Ad spending on social platforms climbed 20.2% in Q2, far surpassing earlier projections of 12.4% growth. The increase added an estimated $4.9 billion in value to the market. Retailers drove much of the surge, with spending concentrated on Instagram, which grew 18.8%, and TikTok, which jumped 56.8%. WARC notes that the spike was partly fueled by brands seeking to build inventory ahead of potential tariff changes.
As a result, global ad spending is now expected to rise 7.4% year over year in 2025, reaching $1.17 trillion. This marks a 1.2 percentage point upgrade from WARC’s June outlook and the first upward revision in more than a year. The momentum is projected to continue, with ad spend forecast to expand 8.1% in 2026 to $1.27 trillion.

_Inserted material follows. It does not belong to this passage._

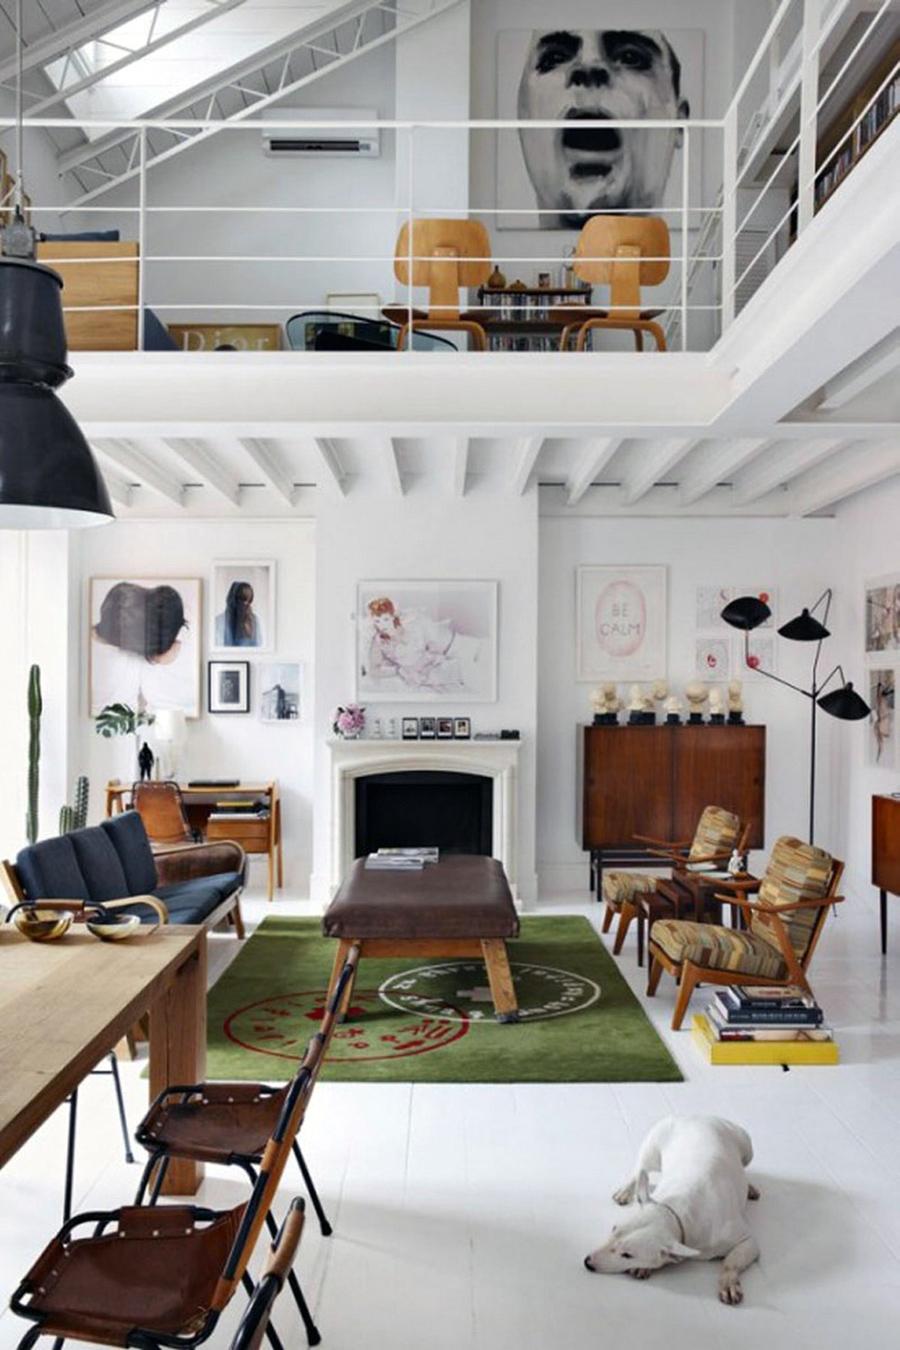 15 bellissime idee per il soppalco - Casa.it
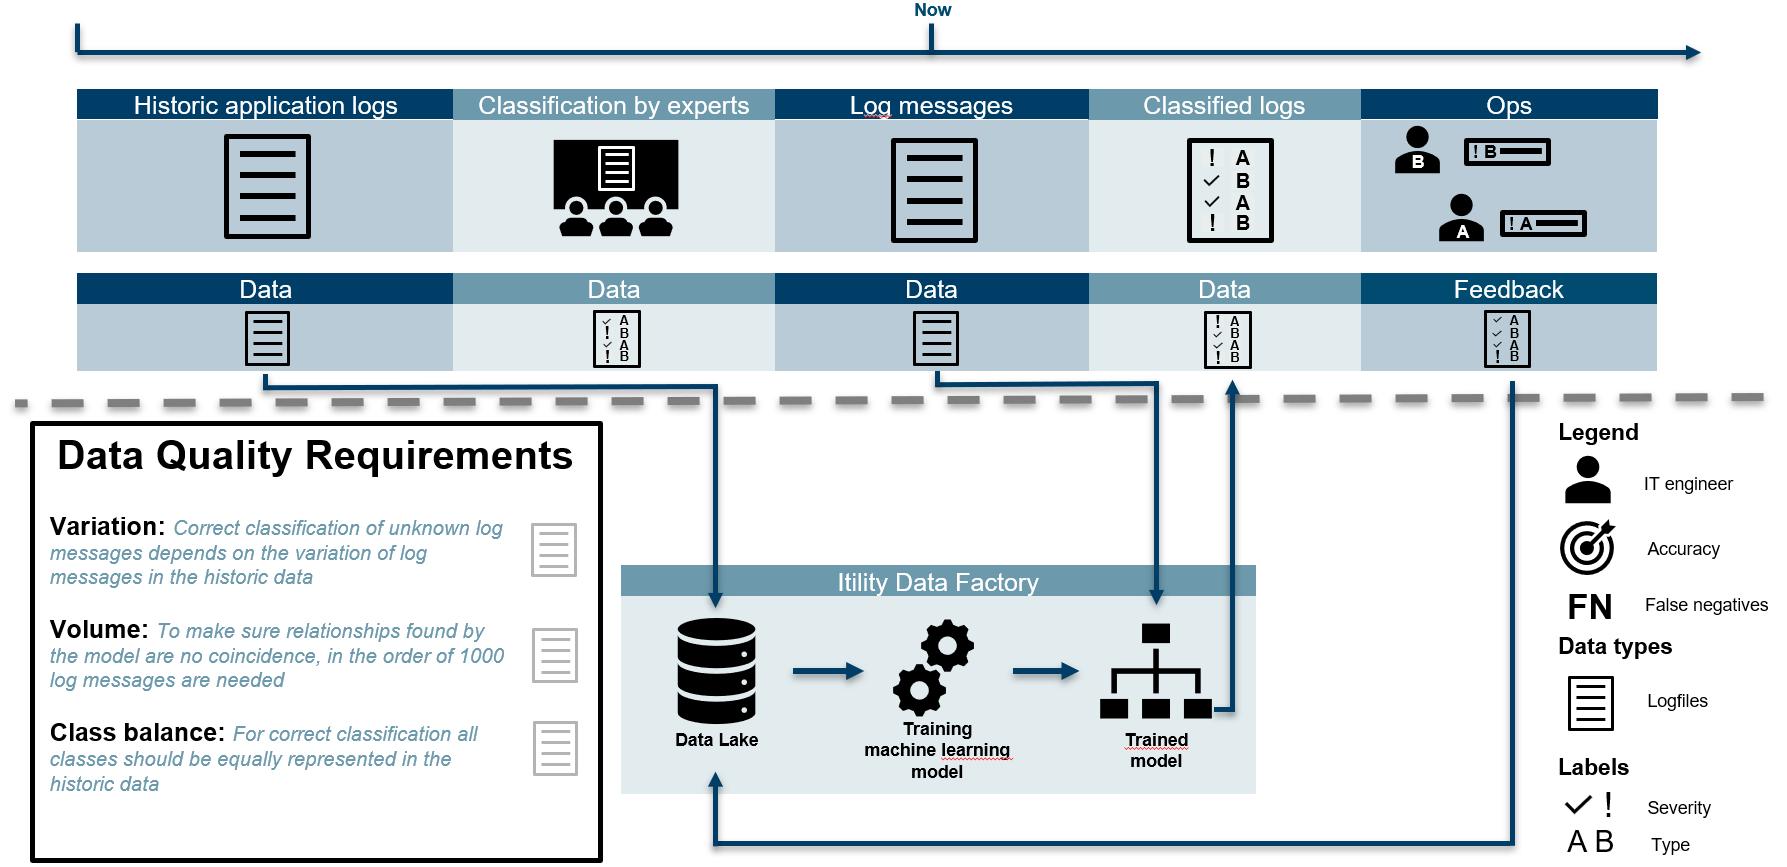 IAA-IT application log classification-1

The data highlights the growing dominance of digital-first platforms. According to WARC, nine out of every ten new ad dollars are now flowing to online-only channels. Social media alone is expected to account for 40.6% of incremental spending this year, followed by search advertising at 22.2% and retail media at 21.5%.
Overall, social media ad spend is forecast to increase 14.9% in 2025, reaching $306.4 billion, or more than a quarter (26.2%) of total global advertising spending. Meta is set to capture the largest share, accounting for around 60% of global social ad spend.
Beyond social platforms, three companies—Meta, Alphabet, and Amazon—are projected to draw over half (55.8%) of all advertising spend outside China, with that figure on pace to exceed 60% by 2030.
Looking further ahead, WARC estimates the global advertising market will nearly double in value compared with 2020, hitting $1.36 trillion by 2027, underscoring the concentration of growth among digital platforms despite wider economic headwinds.
However, not all forecasts share this optimism. WPP Media recently lowered its 2025 global ad spend growth forecast to 6%, down from 7.7%, projecting a total of $1.08 trillion by year-end. The downgrade, outlined here, cites geopolitical uncertainty, shifting trade policies, and cautious marketer sentiment as key factors likely to dampen spending momentum.